This repository maintains the official implementation of the paper **Affordance-Aware Object Insertion via Mask-Aware Dual Diffusion** by [Jixuan He](https://kakituken.github.io/home), [Wanhua Li](https://li-wanhua.github.io/), [Ye Liu](https://yeliu.dev/), [Junsik Kim](https://sites.google.com/site/jskimcv/), [Donglai Wei](https://donglaiw.github.io/) and [Hanspeter Pfister](https://vcg.seas.harvard.edu/people/).

![](./imgs/teaser_new.png)

[[arXiv]](https://arxiv.org/abs/2412.14462)[[Project Page]](https://kakituken.github.io/affordance-any.github.io/)

## 🔨 Installation

Run the following instruction to set up the environment.

```sh
cd model
conda env create -f environment.yaml
```

## 🏷️ Dataset

### SAM-FB Dataset

We build the SAM-FB dataset on top of original [SA-1B](https://ai.meta.com/datasets/segment-anything/) dataset.

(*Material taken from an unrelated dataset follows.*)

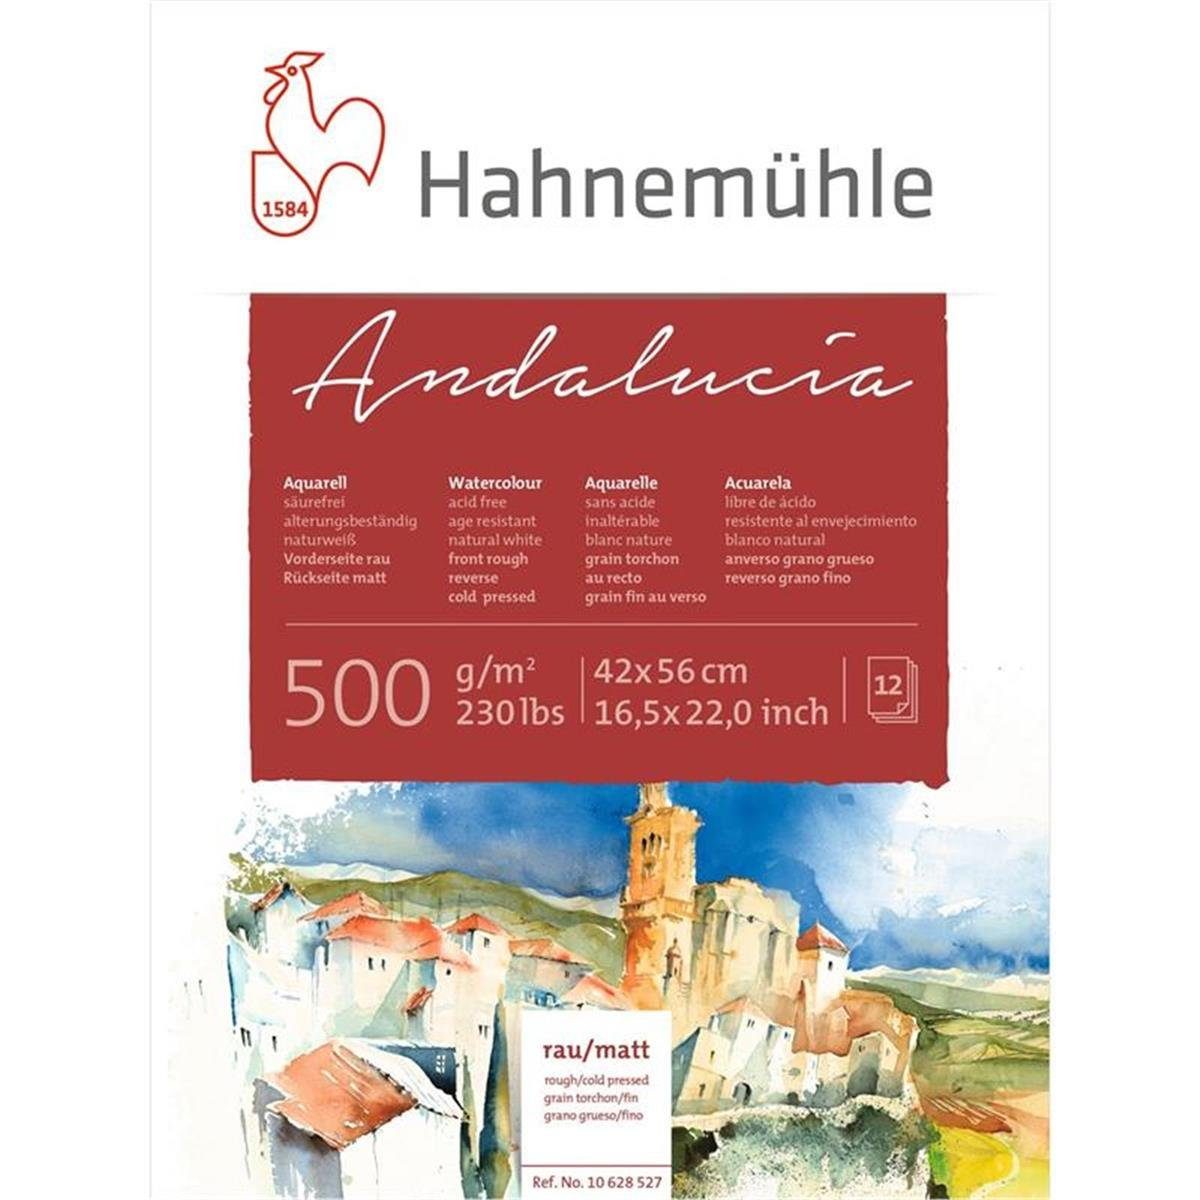 Hahnemühle Aquarellpapier Andalucía Aquarellkarton - rau/matt - 500 g/m² - 42 x 56 cm - 12 Blatt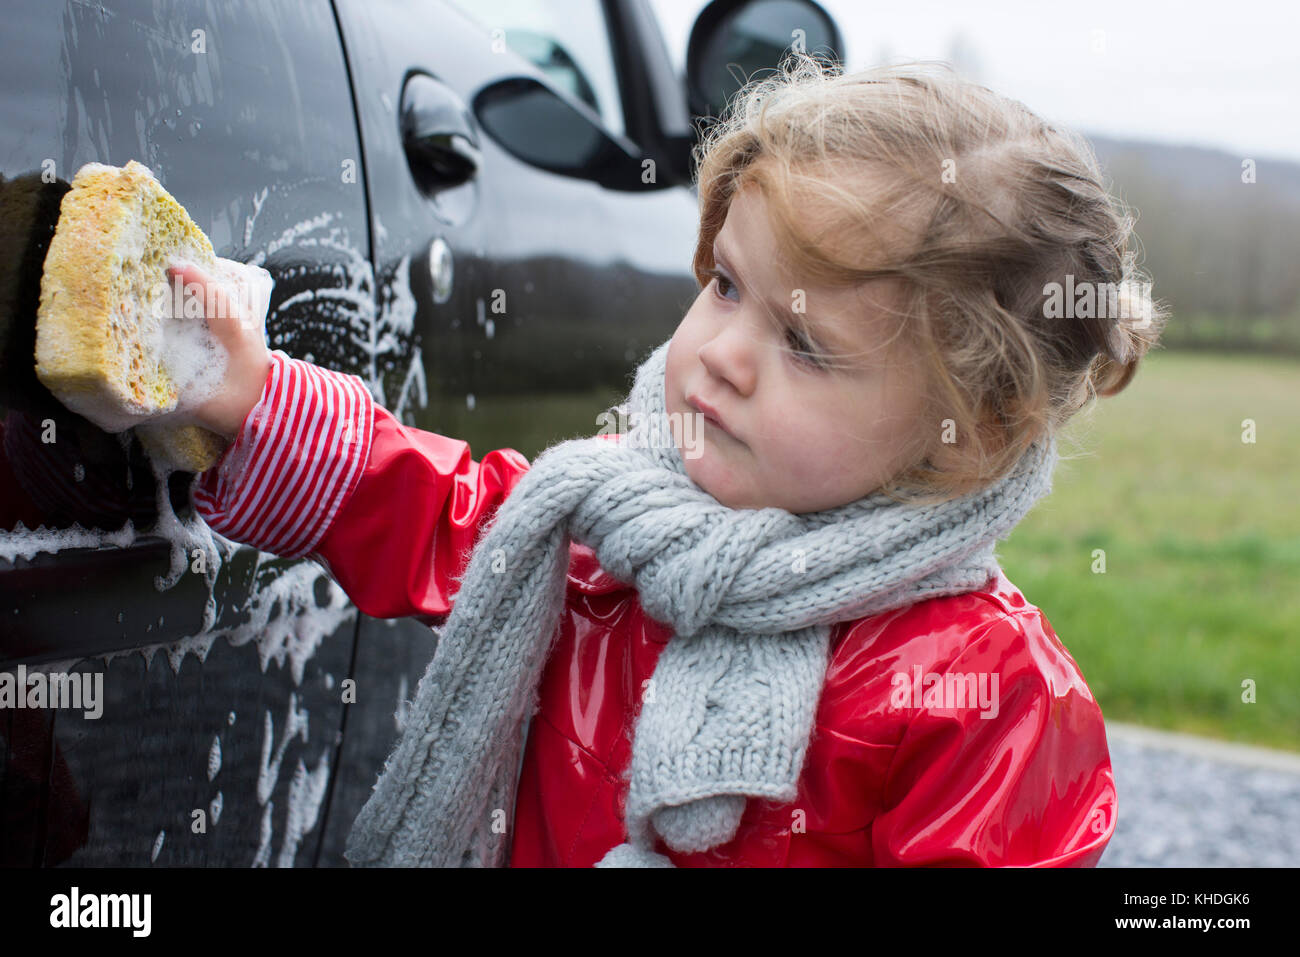 Little girl washing car Banque D'Images

Due to the storage limitation, you can download the first 10 sub-folder of SAM-FB dataset [here](https://huggingface.co/datasets/Kakituken/SAM-FB/tree/main).

To build the rest of the dataset, please download the [SA-1B](https://ai.meta.com/datasets/segment-anything/) dataset and follow the instructions in the next section.

### Build Your Own Dataset

Our automatic pipeline allows user to build their own dataset by providing only the images. You can either download the original [SA-1B](https://ai.meta.com/datasets/segment-anything/) dataset or provide a set of images under `./data` folder.

#### 1. Download SAM
First, download the SAM checkpoint from [here](https://github.com/facebookresearch/segment-anything#model-checkpoints) and put it int the `./ckpt` folder.

#### 2. Get the masks
Saying you have a folder from SA-1B, `./data/sa_000010/`

Please run the following instruction to get the mask after NMS
```sh
cd dataset-builder/img_data

python mask_nms.py \
--image-dir ./data/sa_000010/ \
--save-dir ./data/sa_000010/ \
--model-path ./ckpt/sam_vit_h_4b8939.pth
```

#### 3. Inpainting
After getting the masks, run following to inpaint the background and construct pair data. The filter will also perform here.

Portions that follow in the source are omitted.